I expect the average active player has more ISK than the statistics initially suggest.

I have six characters in game – 1 main and 5 alts. Generally, my Alts have less than 100M ISK in their wallets while my main hovers around the 5B ISK mark. Statistical that averages to 920M ISK per character, but in reality there is one player with 5.5B ISK.

I actually keep most of my ISK in my Corporations. Checking then, it would only take a minute to have 70+B ISK deposited in my main’s wallet. So instead of six characters with an average of 920M ISK, in reality you have one player with 70+B. That is certainly enough that the loss of a normal ship won’t financially bother me.

Obviously we must nerf the hell out of the ISK I can casually generate, and make me lose stuff more often.

But then the measurement becomes unstuck. I could lose a great deal of T1 Rifters before their loss felt meaningful, but only a couple of fitted Nyx. I might run out of ISK in years, or it might just take a couple of game sessions.

Statistics don’t lie – they just tell many versions of the truth.

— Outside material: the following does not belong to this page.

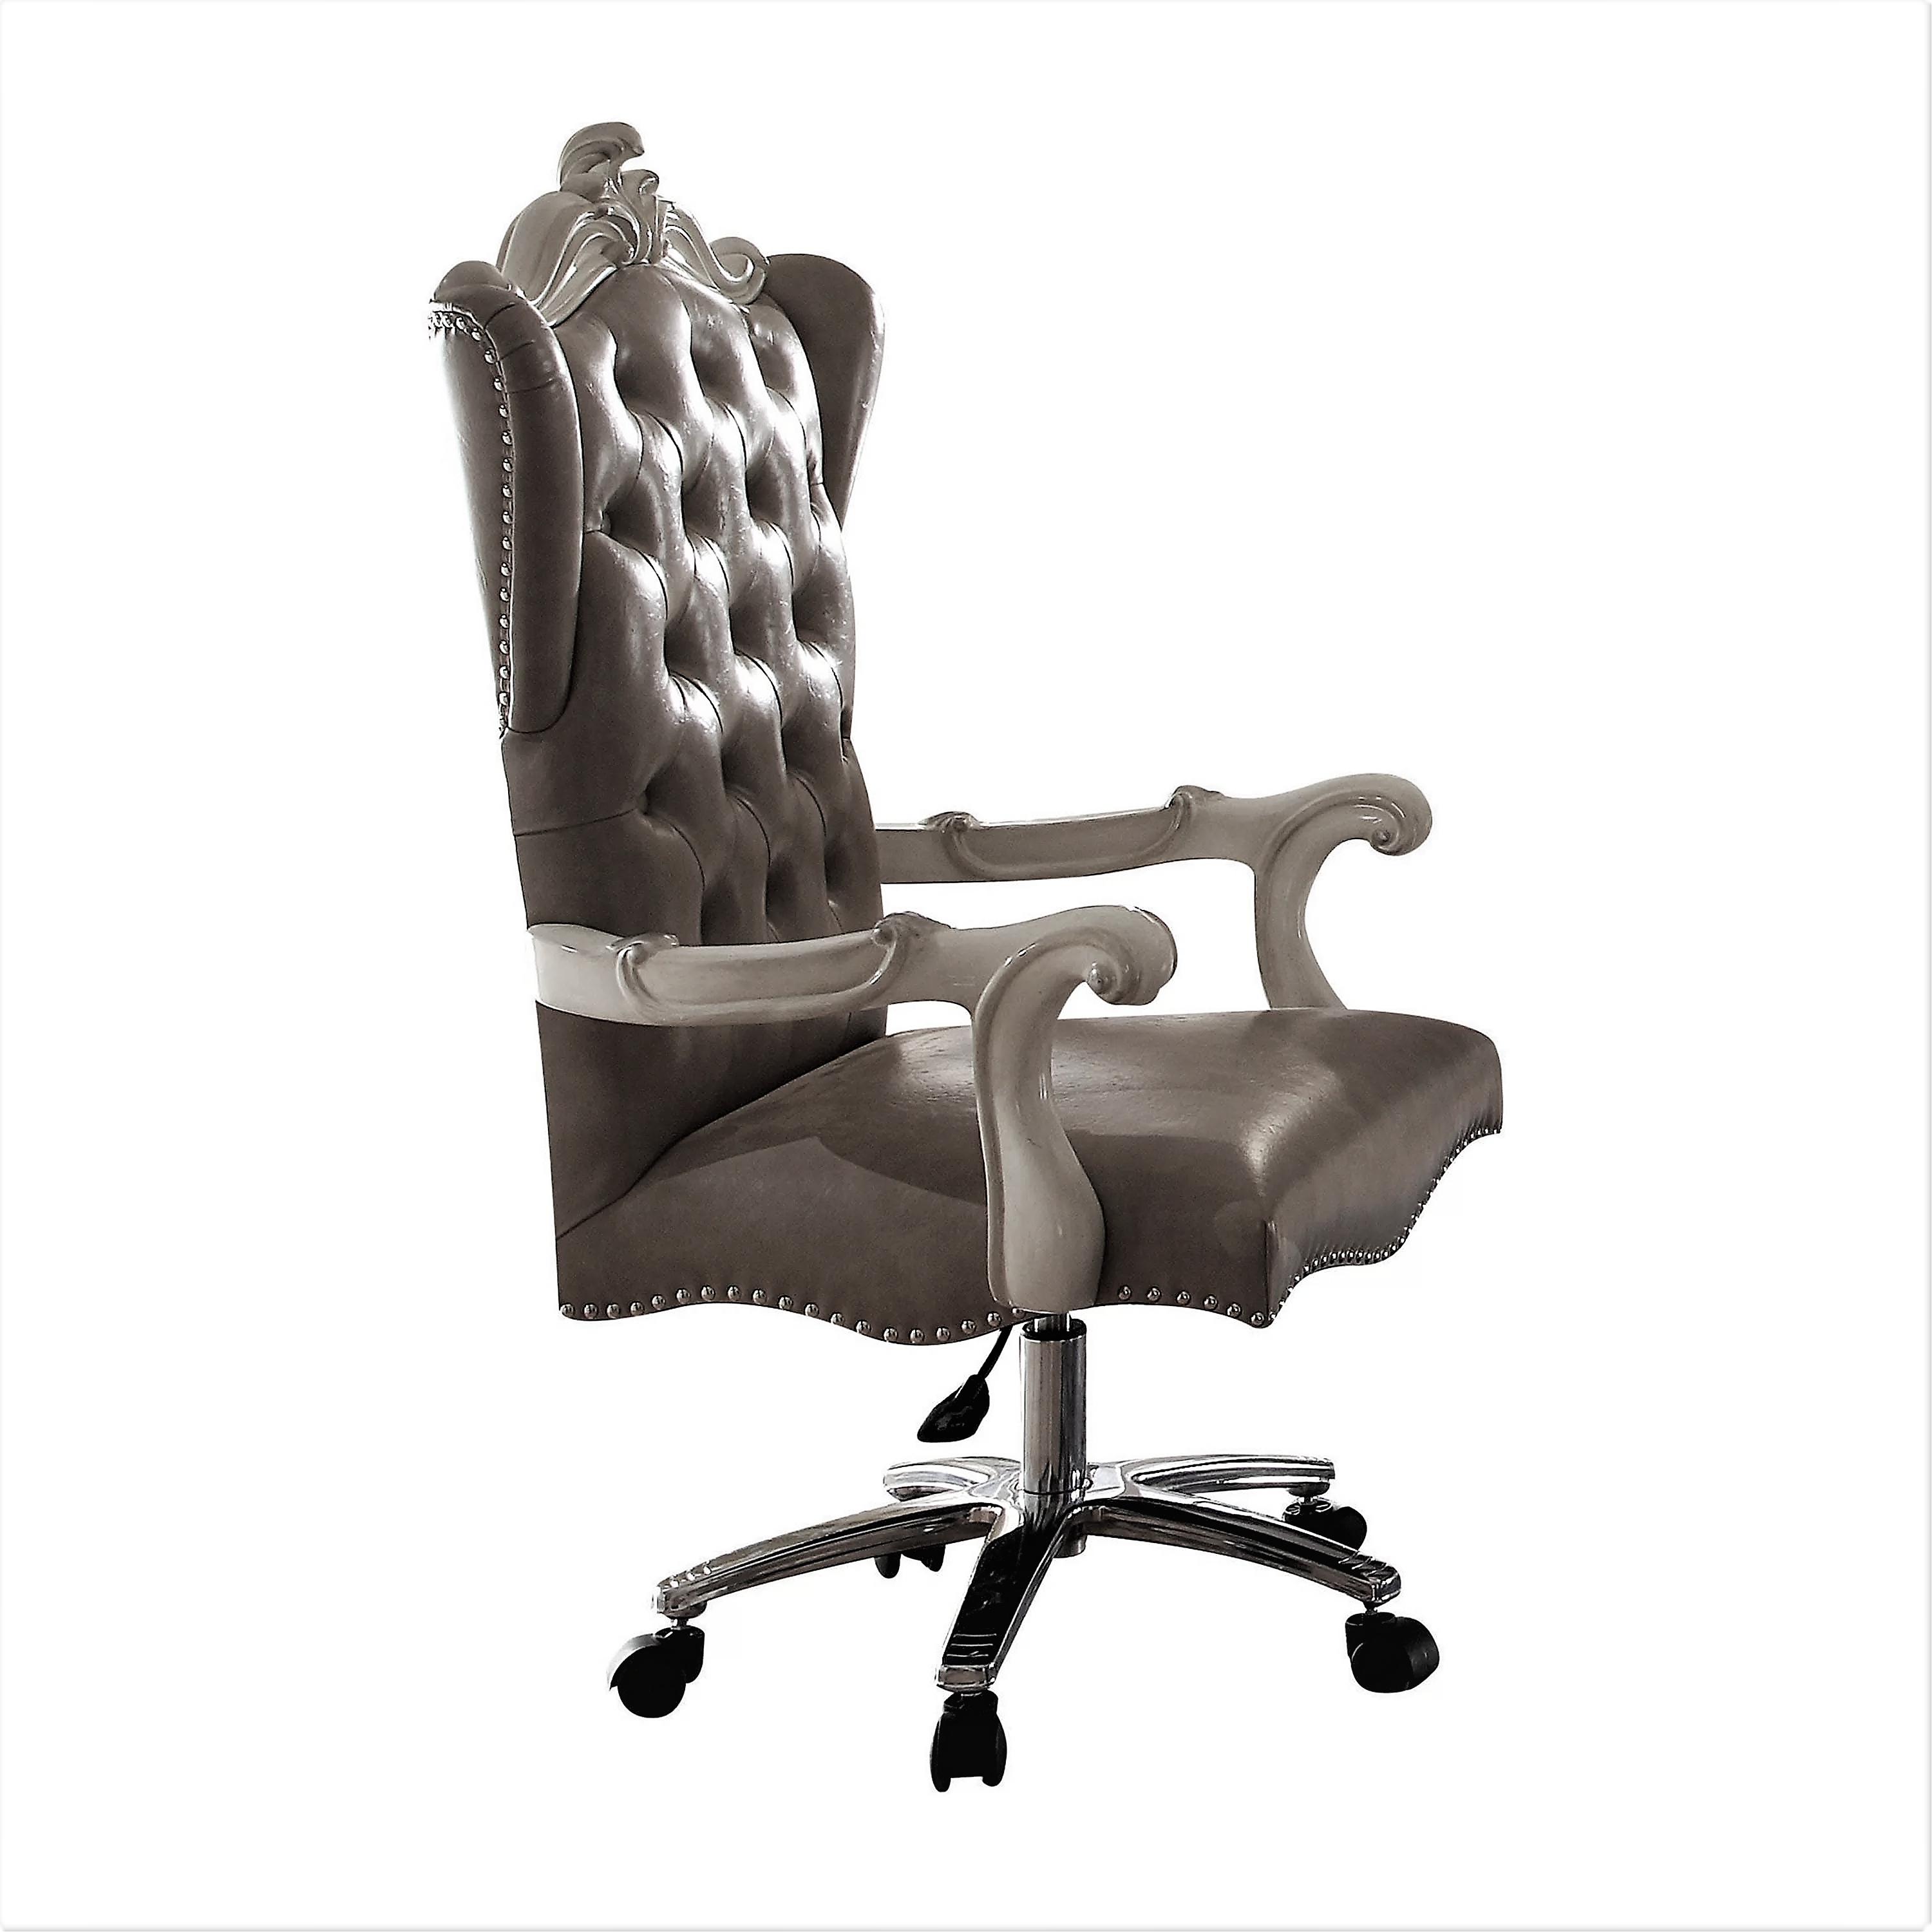 Classic, European Traditional Executive Office Chair Versailles 92822 in Platinum PU

A better measurement for how meaningful ISK is would be to work out what sort of losses the average EVE player can sustain.

I roughly calculated my overall worth with assets, subtracted the sizeable donation a reader gave me, and then divided it across the more than 9 years I’ve played EVE. It is not completely accurate, but after subtracting donations, the occasional poor trade and the rare ship loss and what not, my net worth in game increased on average by around 600M ISK a month. Per account, that is 300M ISK a month, 69M a week, or less than 10M ISK per day. I mean, 10M ISK is, err, well, not very much at all.

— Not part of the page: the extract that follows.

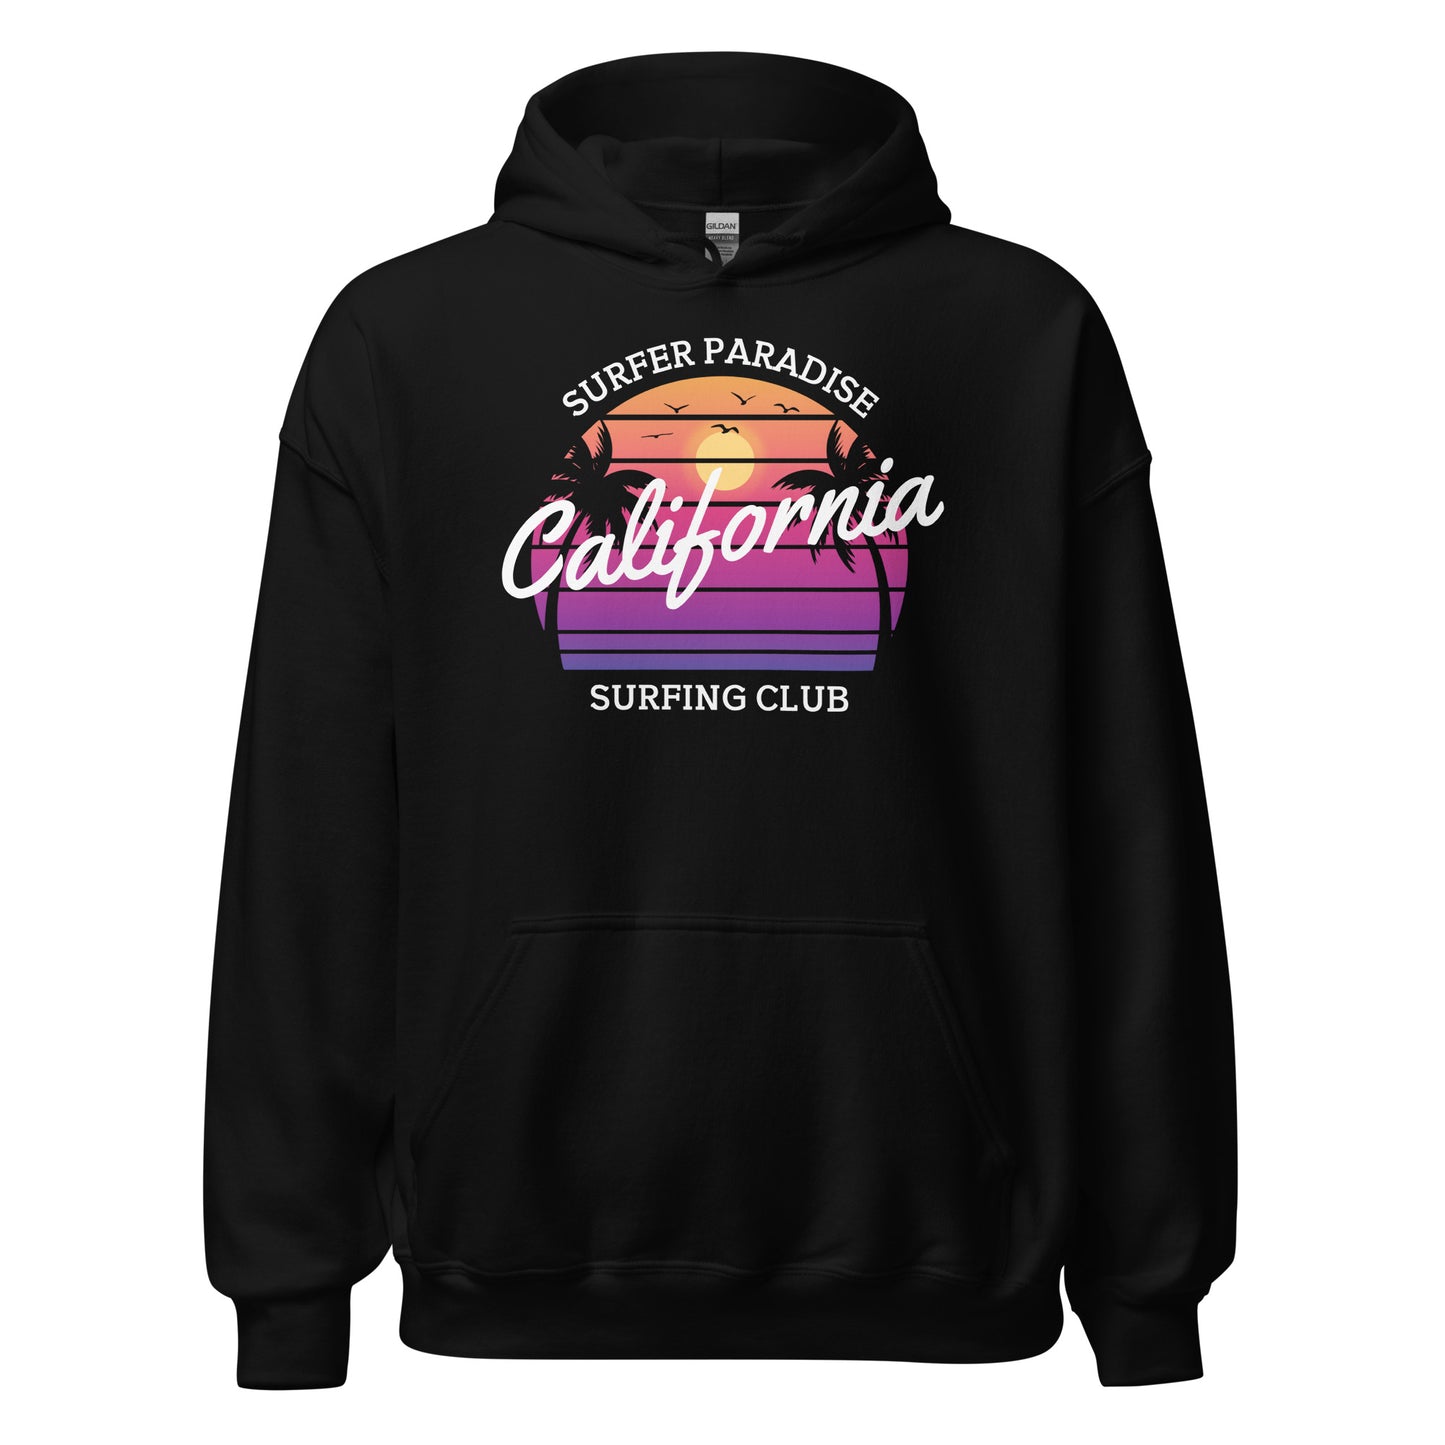 Retro California Surf Hoodie - Summer Vibes Sweatshirt

Realistically, if I took up daily PVP I could sustain around 20M ISK of losses a day across my two accounts without going backwards. Hello to the world of T1 Frigate combat – but anything bigger would become a lot more meaningful.

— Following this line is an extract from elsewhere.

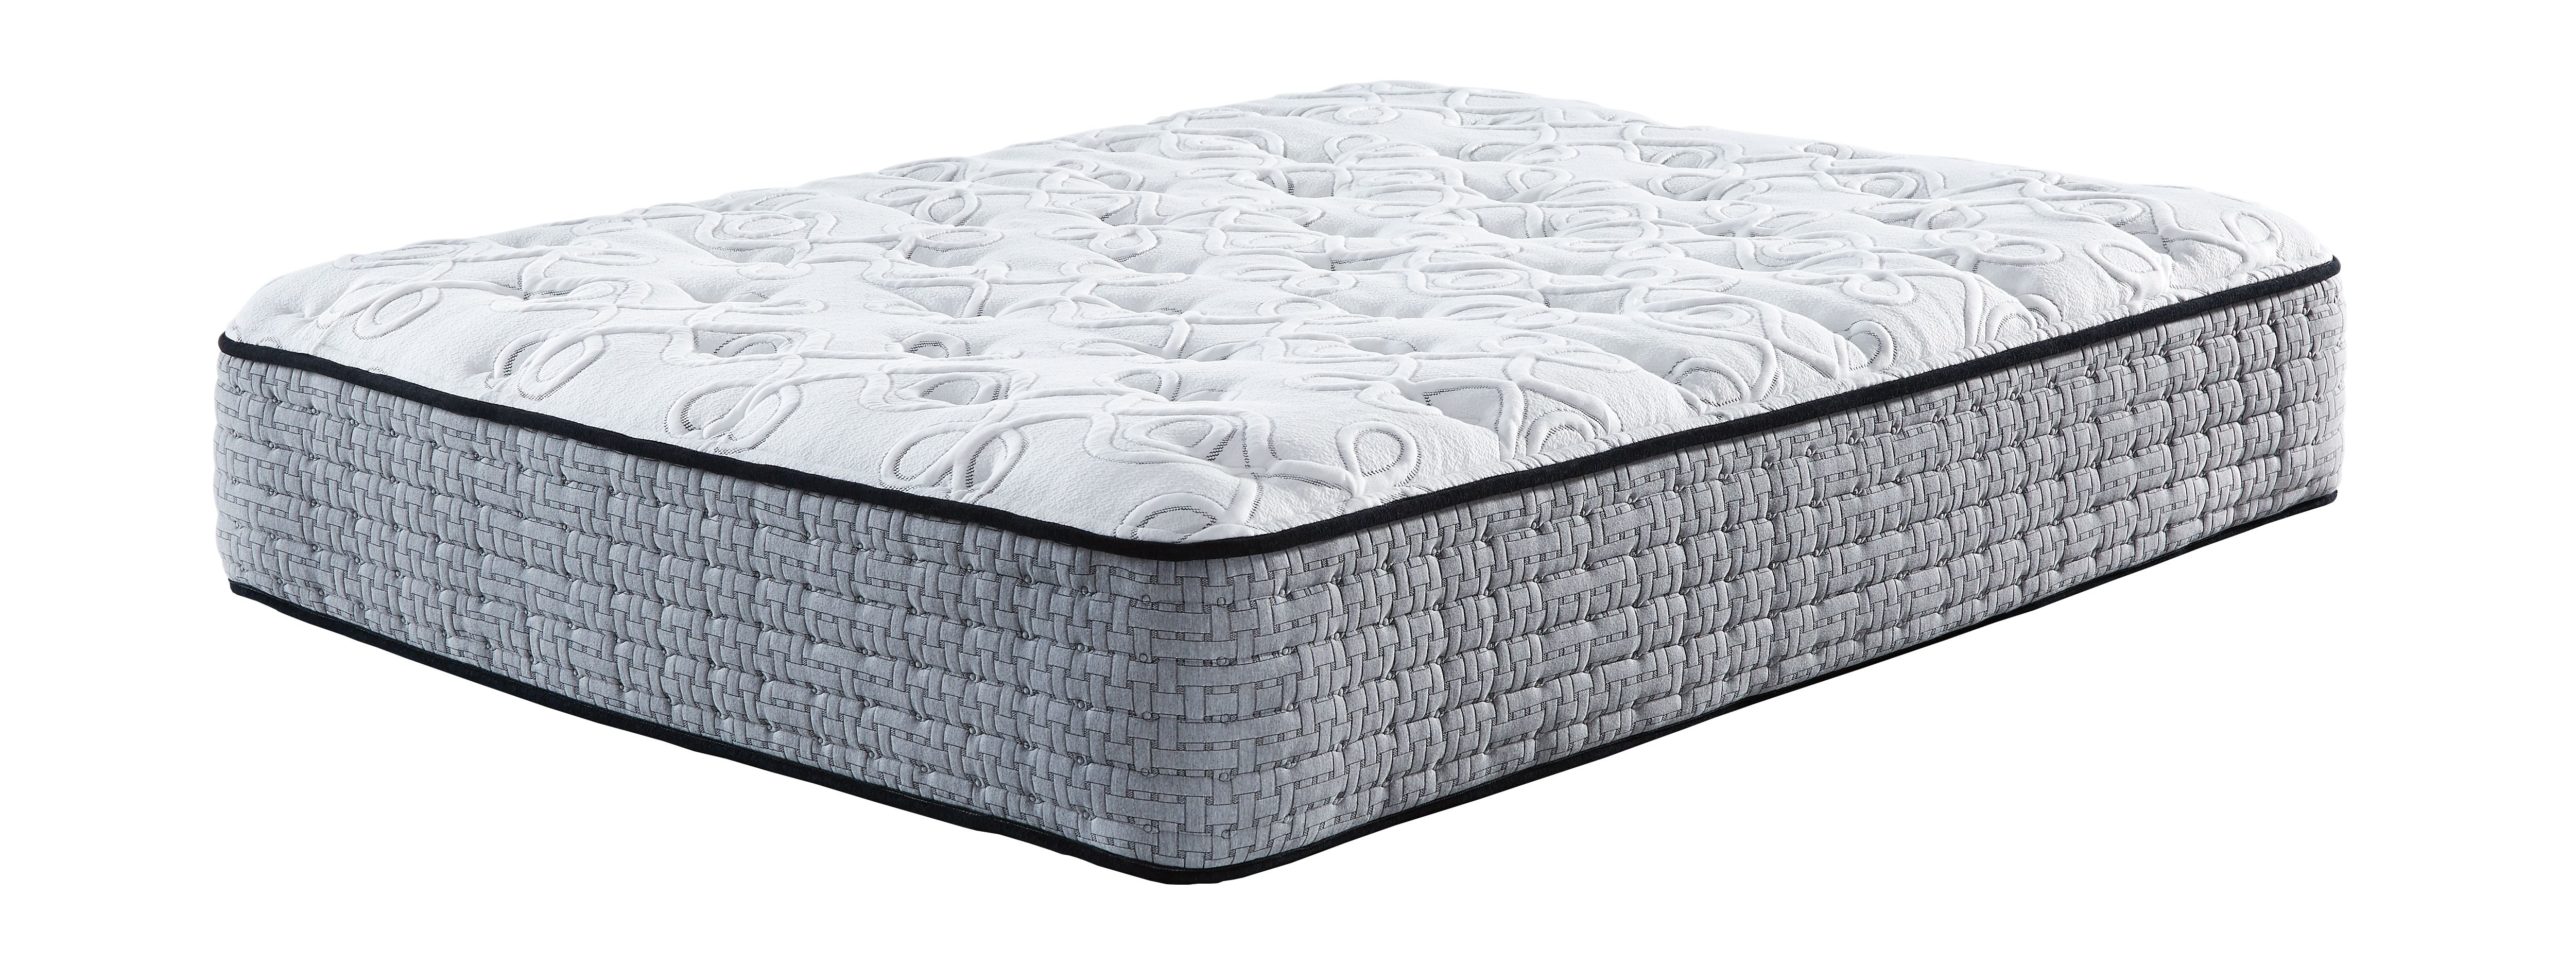 white queen mattress cover

I recently spent 727M ISK on a Legion to zerg those Operation Frostline sites. If I lost that through a gank or a silly mistake, it would take me on average 36 days to recover the cost. That feels like it would be meaningful.

So my wallet balance reflects that I have played the game for a very long time and been able to avoid loss.  It does not reflect how meaningful ISK is.  To work out how accurate the statement “ISK loss has become meaningless” is, we need to figure out how easy the average player finds it to earn ISK.  For me, apparently not so much.

Three Thirty

After being rudely woken by a nasty headache at 3:30am today, I did some EVE stuff while waiting for my painkillers to kick in.

CCP have released a Dev Blog giving the flavour for Operation Frostline and this year’s Christmas festivities. Interestingly the loot drops from the Serpentis Sites will change over time.

http://community.eveonline.com/news/dev-blogs/operation-frostline/

RL greater than EVE

I haven’t been able to do much in EVE over the last week. My wife has been out three nights; with the Church Sunday School Teachers for coffee and dessert, two of her Sisters to see a show, and a Mothers Group dinner. Tonight she is going out to a School Mums Group dinner. Two further nights were taken up by the kid’s School concert, which had the Mother in Law stay one evening and my Parents stay another. I lost this Saturday’s session as I had to take my Daughter to a birthday party, and I lost Sunday’s session to another kid’s birthday party. There hasn’t been much downtime left over.

Some EVE players might wonder why I mentioned that. It seems to have nothing to do with EVE. Those with kids however will understand – your EVE experience is very much shaped by what happens to you outside of the game.

I am about to start my last week in my current job. After almost 4 weeks of silence my boss has finally panicked about my impending departure.

It will be interesting to see what impact having time off will have on my relationship with EVE. Will I suddenly find myself playing more, or might it have the opposite effect.

http://community.eveonline.com/news/patch-notes/patch-notes-for-december-release/

The patch notes for the December release are available. I’ve copied them into OneNote and highlighted bits that will impact my game or that I will need to investigate. There is a lot there.